As the British were locking the Militia in the church, the Colonial Army moved into position outside of town to launch a surprise attack on the British company. They were spotted by a British scout, and the British redcoats quickly fortified their positions around Philadelphia to prepare to defend themselves against the oncoming attack. What the British failed to do was securely lock the Church and assign guards to prevent any of the prisoners from breaking out while the fighting was going on around Philadelphia. The prisoners inside the church, led by Colonel John Armstrong, were able to break through some windows once they realized there were no guards watching over them. The prisoners all escaped from the Church and went to their local hideouts to get ahold of all of their muskets.
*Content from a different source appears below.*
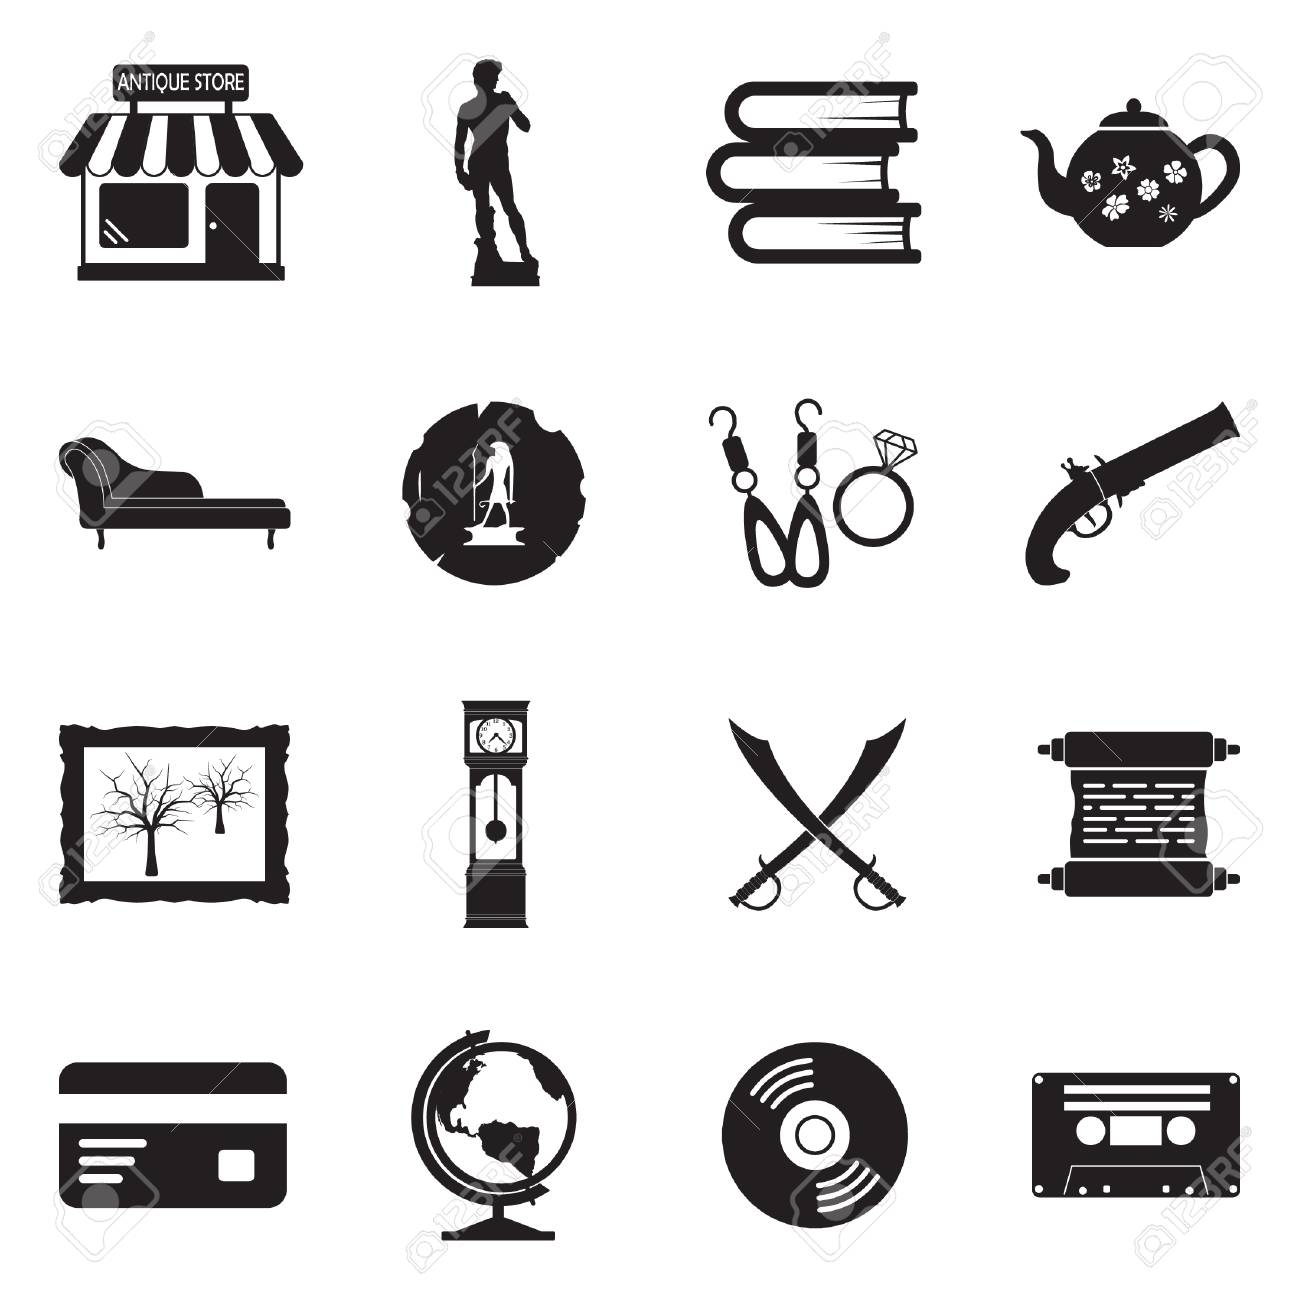 antique store icons black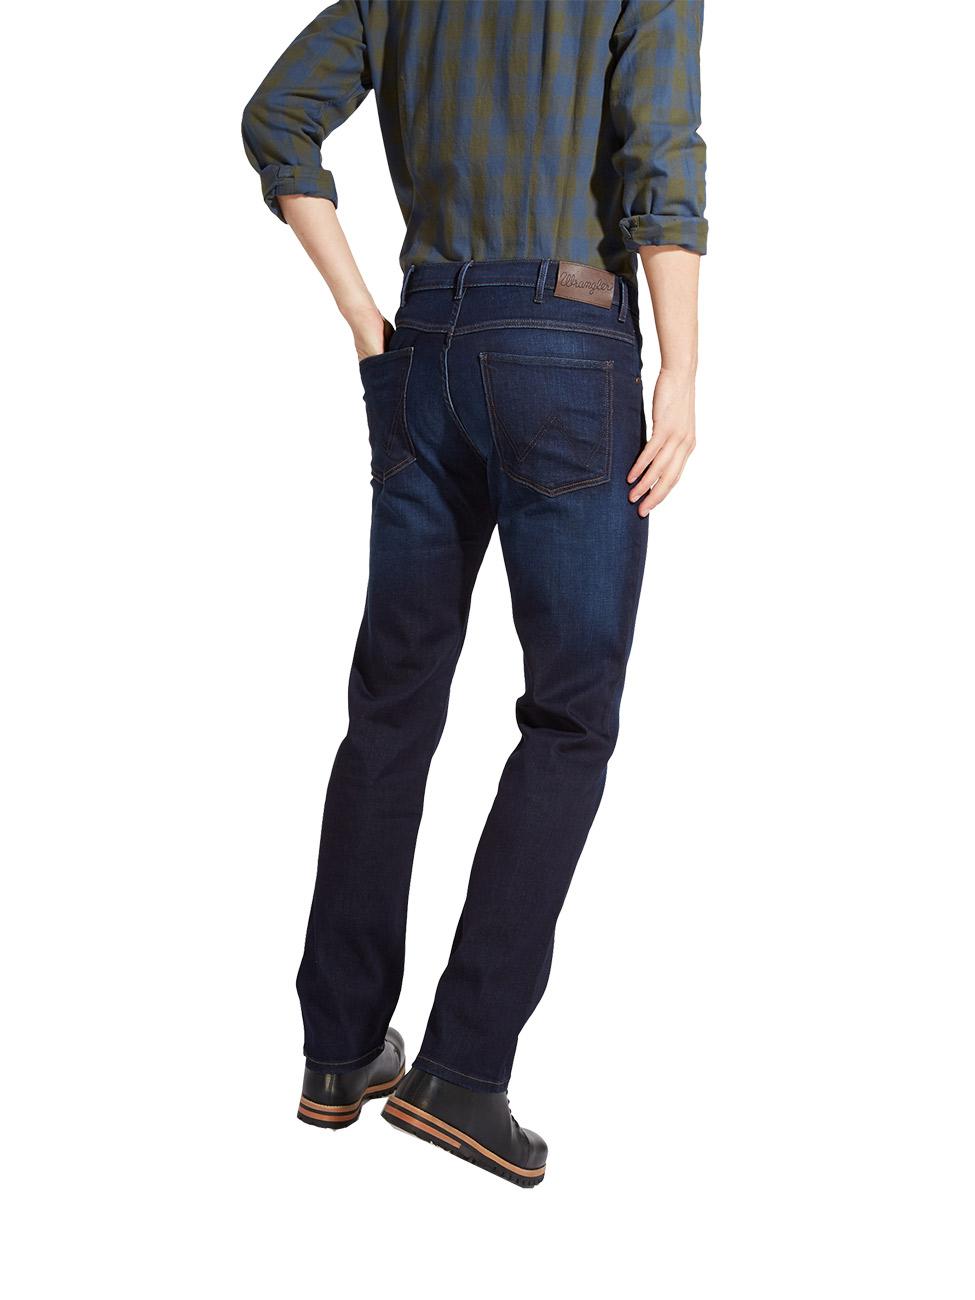 wrangler-herren-jeans-arizona-regular-fit-blau-blue-stroke

While the British were preoccupied fighting the Colonial Army attacking them from the front, they did not notice the local Militia sneaking up on them from behind. Suddenly, the British company was surrounded and had cannons hitting them from one side with the Army charging at them, and from behind them they had over 100 Militia members on a hilltop firing down at them. The British General Lucas Greystone had no choice but to order a retreat into the center of Philadelphia where the British made one last stand in hopes of receiving reinforcements. On March 5th, after 2 days of fighting, the British surrendered to Armstrong and the Colonial Army. The British Company was almost entirely wiped out, they lost over 500 men and another 500 were captured as Prisoners of war. Out of those 1000 British soldiers, 200 were officer rank or higher. The blow proved to be fatal for the British army, which from that point on, only became weaker.